RECORDS TO USE:

★ ★ ★ ★

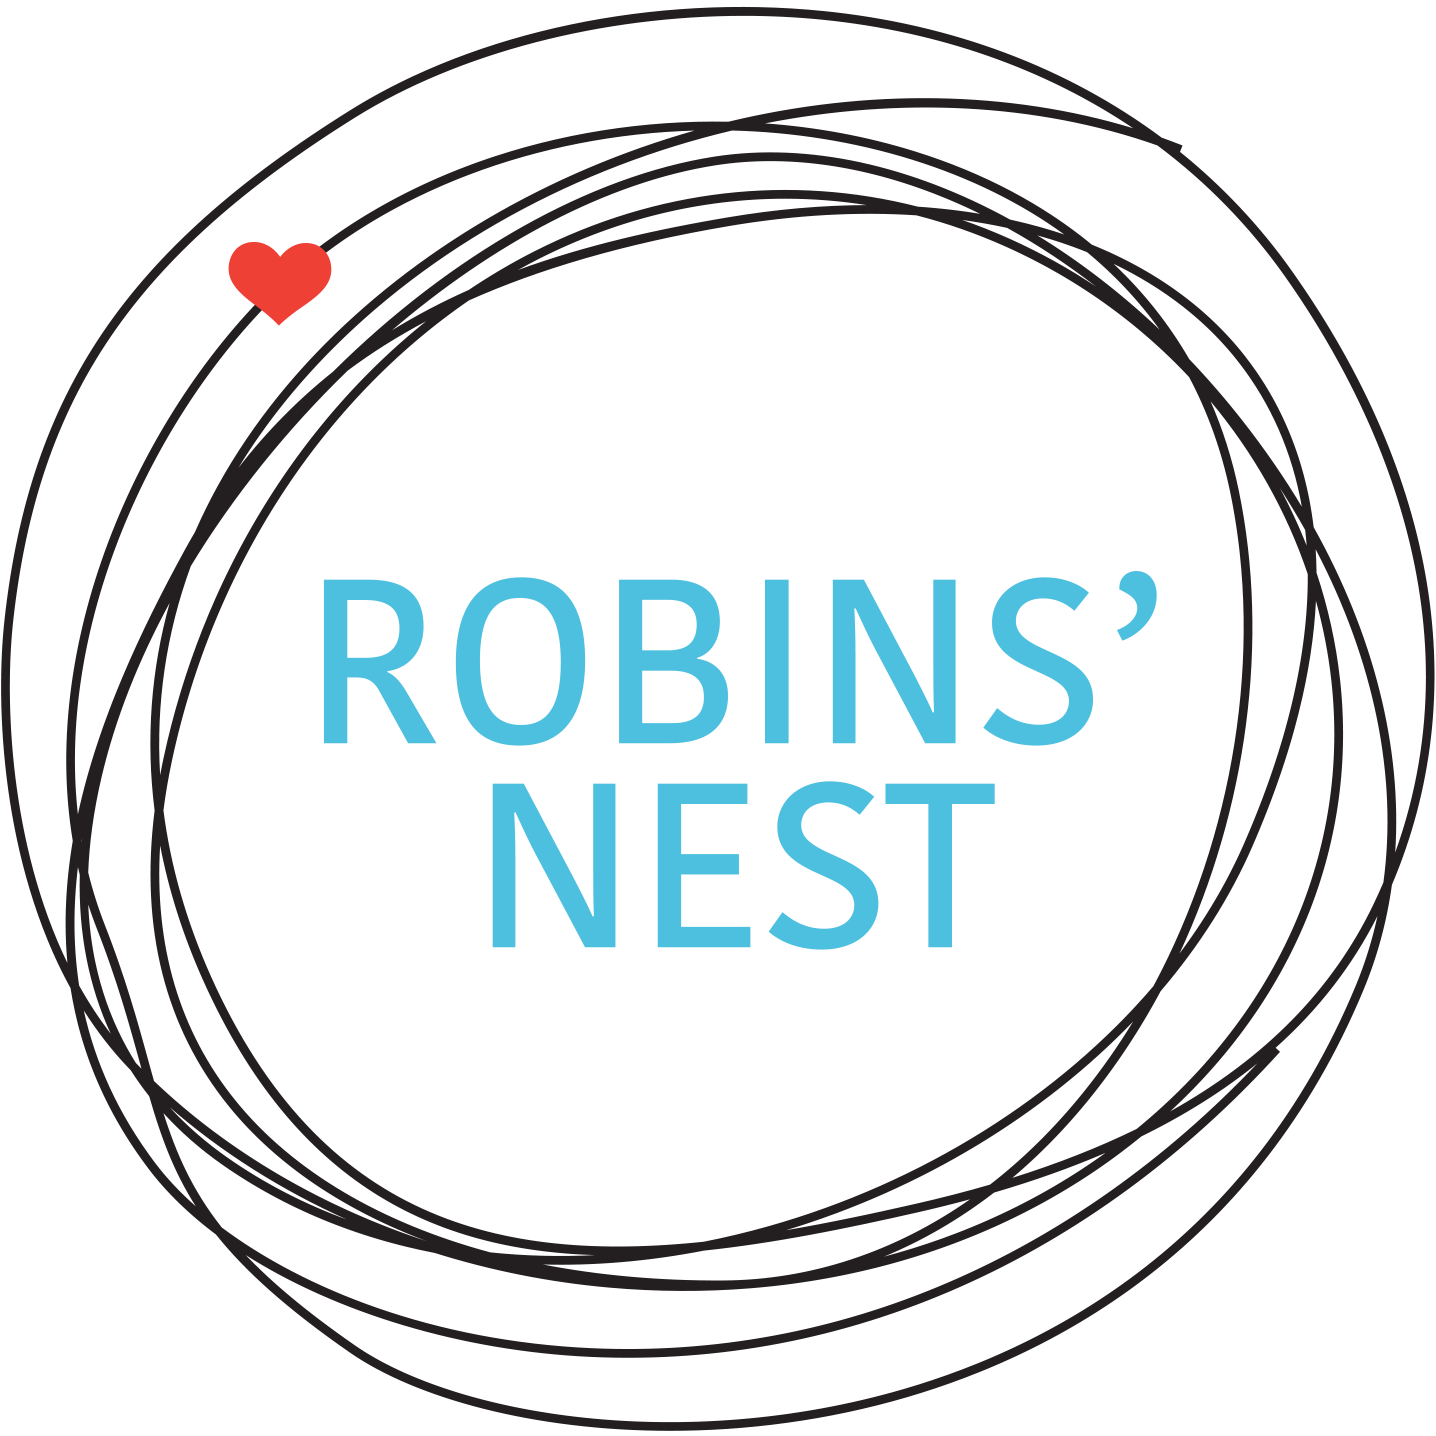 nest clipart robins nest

★ ★ ★ ★

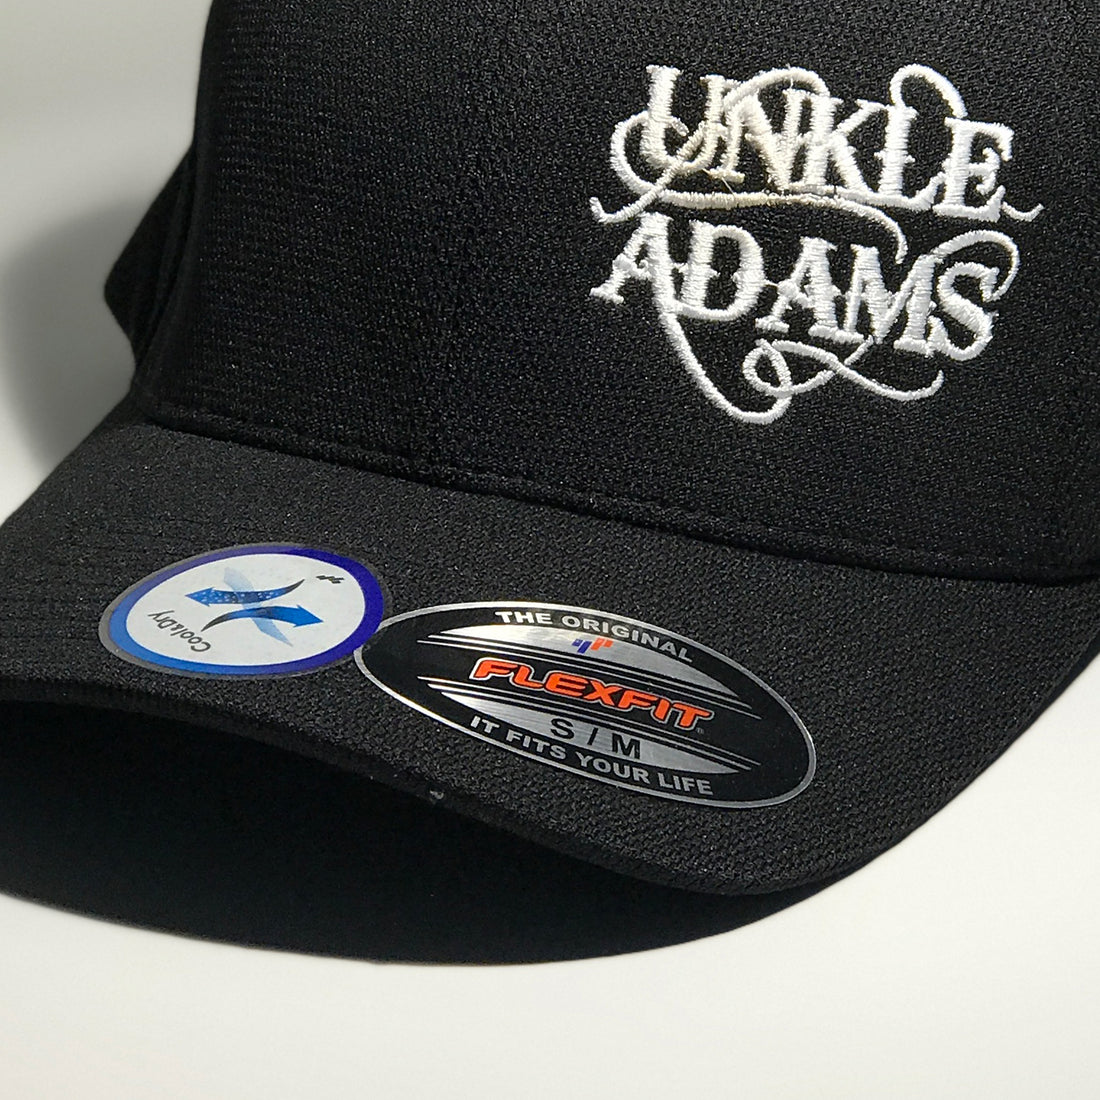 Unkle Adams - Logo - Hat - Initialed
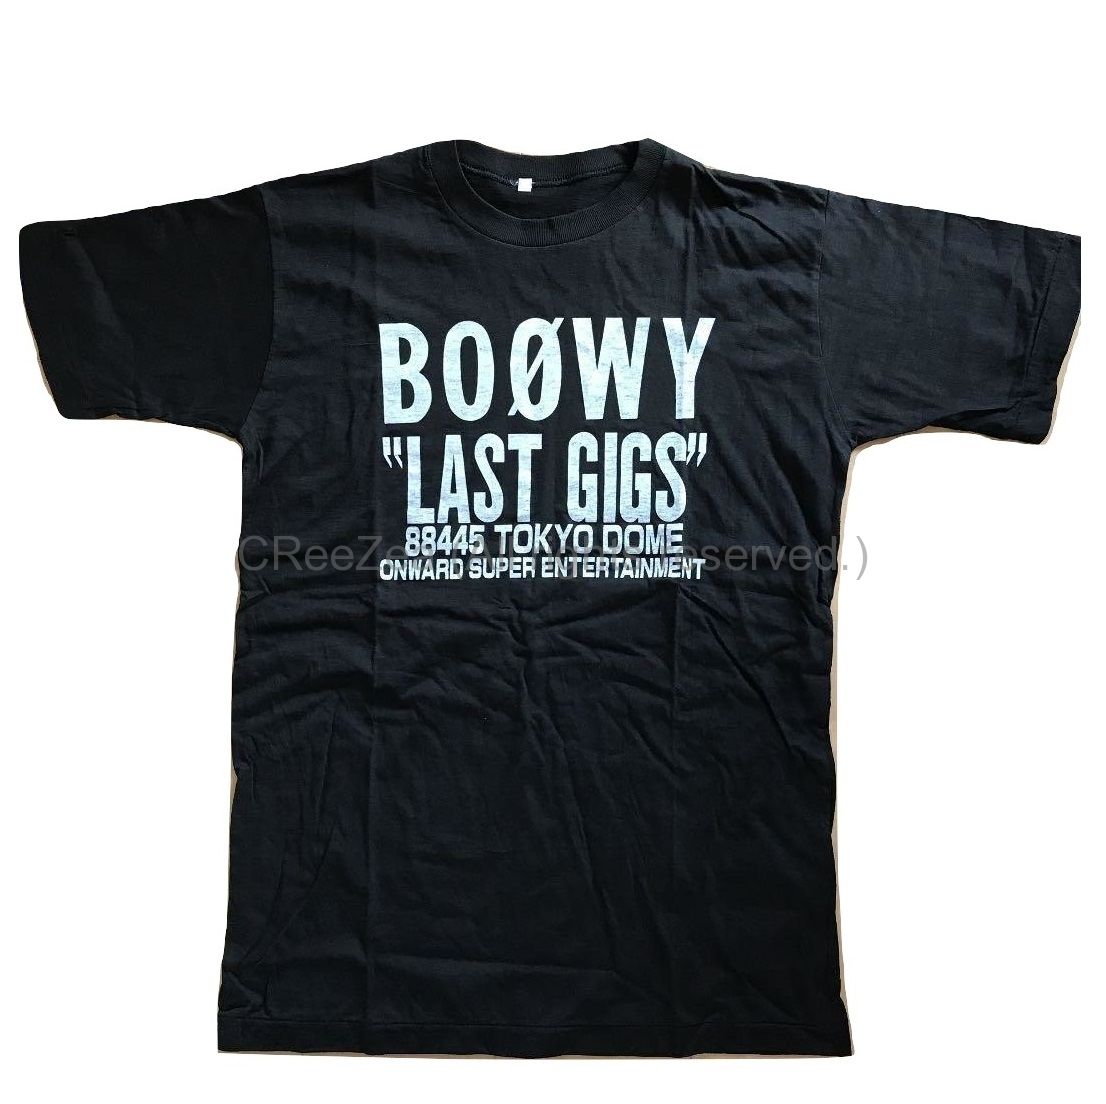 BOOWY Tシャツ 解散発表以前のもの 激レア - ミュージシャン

★ ★ ★ ★

PROMPT:
Within the material above, find the part that opens with the line containing "Unkle Adams - Logo - Hat - Initialed" and closes with the line containing "BOOWY Tシャツ 解散発表以前のもの 激レア - ミュージシャン", and reproduce it exactly without the pictures.

RESULT FOR THIS TASK:
 Unkle Adams - Logo - Hat - Initialed
 BOOWY Tシャツ 解散発表以前のもの 激レア - ミュージシャン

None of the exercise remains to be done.